Use human-readable string values.
Field promotion (shift a column as part of the row key) and salting (remainder of division of hash of timestamp plus row key) are ways to help design row keys.

Best Practices & Limitations

1,000

Tables Limit

100

Col Families Limit

100 MB

Max Cell Size

256 MB

Max Row Size

Best Practices

Store datasets with similar schemas in the same table. Creating many small tables is an anti-pattern.
Time-series data: use tall/narrow tables (one event per row).
Denormalize: prefer multiple tall and narrow tables rather than small tables.
Try to keep all info for an entity in a single row. Related entities should be stored in adjacent rows.
Target sizes: Try to store 10 MB in a single cell (max 100 MB) and 100 MB in a single row (max 256 MB).
Column Qualifiers: create as many as needed in each row, but avoid splitting data across more than necessary (16 KB).
Tables are sparse. Empty columns don’t take up any space.
Columns are grouped together when frequently accessed (limitation: up to 100 columns).

Garbage Collection & Misc

Garbage Collection

Asynchronous and Delayed: runs continuously in the background. Data marked for deletion can take up to a week to be fully removed.
Column Family Specific: GC rules are defined independently at the column family level.
Multiple Deletion Criteria: configure rules based on age (TTL), number of cell versions, or a combination.
Tombstoning: When all cells within a row/qualifier are deleted, it is marked as "tombstoned" and removed during GC.
Filtering for Accuracy: Apply timestamp range filters within queries to bypass the GC delay and retrieve only recent data.

Miscellaneous

Related columns should be placed in a column family. A single table can have multiple column families.
Related data should be in one table, not multiple tables.
Bigtable does not support secondary indexes.
Row keys are specified for each row, not for each column family.
Command line usage: use cbt tool (preferred) or HBase shell.

Self-Assessment Questions

Q1. What happens if you use a sequential numeric ID or a timestamp as the beginning of your row key?

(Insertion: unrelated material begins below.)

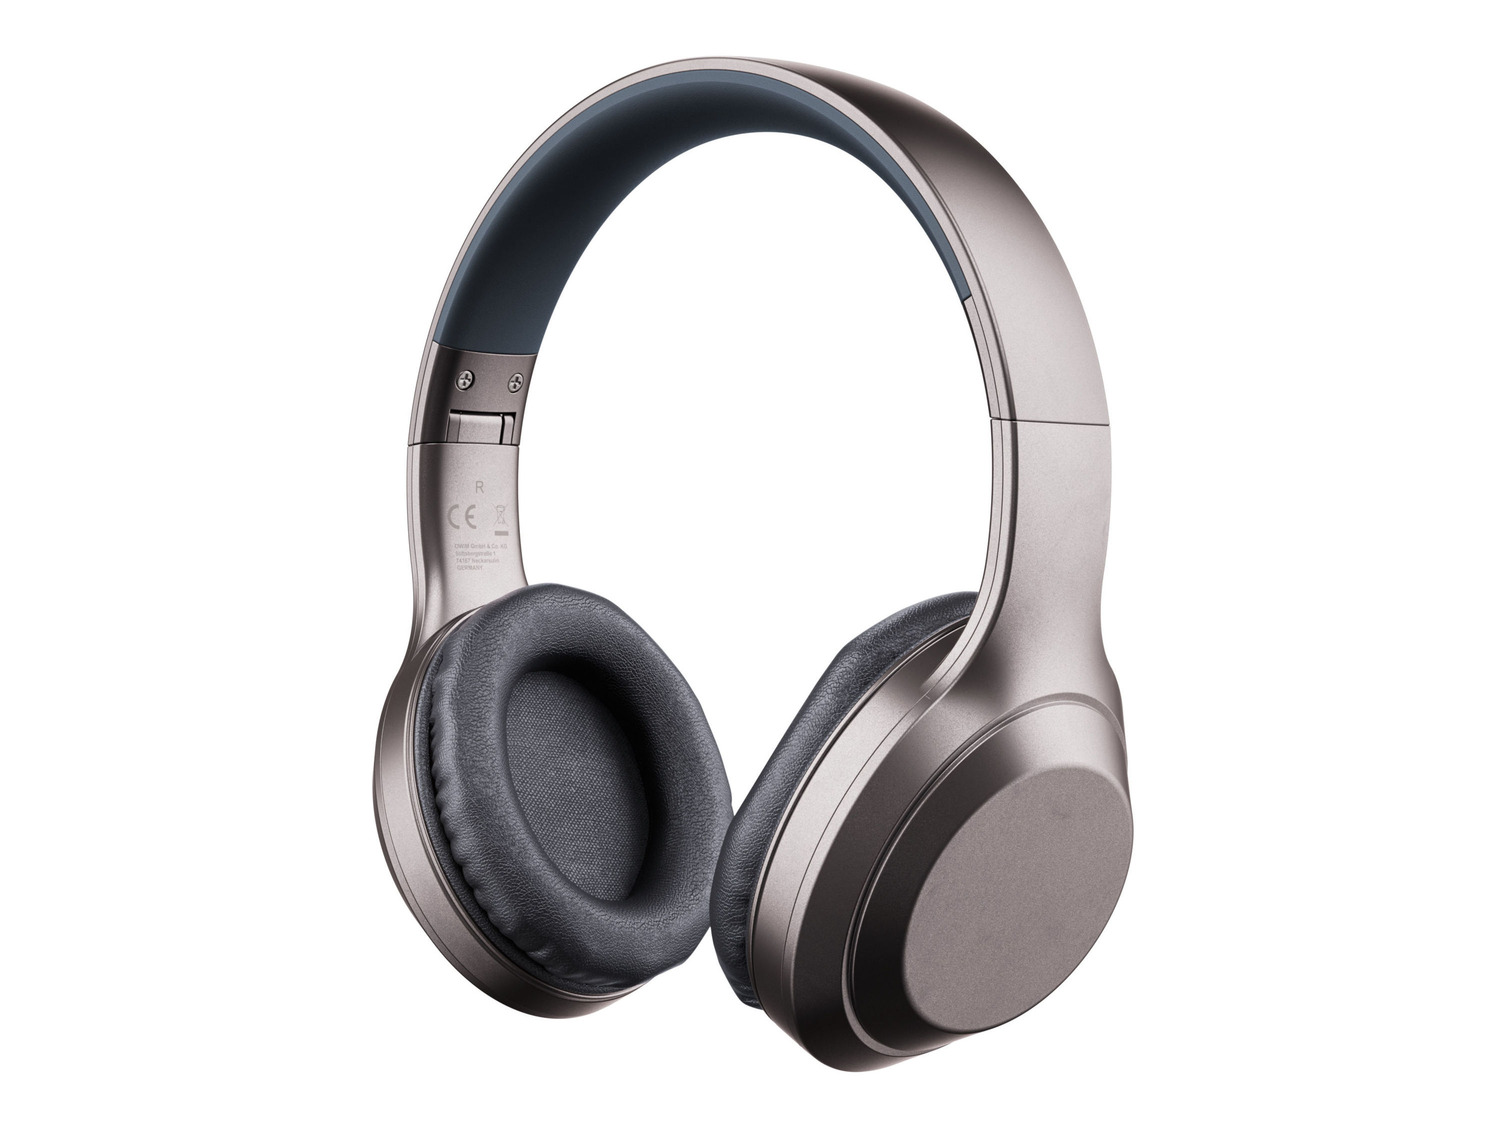 Kaufen SILVERCREST® On Ear Deals Friday Bluetooth Kopfhörer | Mesjeuxipad ZR7068 Black

It leads to hot-spotting when writing, as all sequential writes will hit the exact same node instead of being distributed across the cluster.

Q2. You initially provisioned an HDD Bigtable instance for batch analytics, but now want to serve real-time app traffic requiring lower latency. How do you switch to SSD?

Changing disk type requires creating a entirely new instance. You cannot toggle a setting from HDD to SSD.

Q3. At what level are operations guaranteed to be atomic (ACID) in Bigtable?

Operations are atomic only at the row level.

Q4. Because Garbage Collection is asynchronous and can take up to a week, how do you ensure deleted data isn't returned in your queries?

By applying timestamp range filters for accuracy within your queries, which bypasses the garbage collection delay.

Q5. What is a common way to avoid hot-spotting for row keys when writing time-series data?

Use field promotion (shifting a column to be part of the row key before the timestamp) or salting (hashing the timestamp plus row key).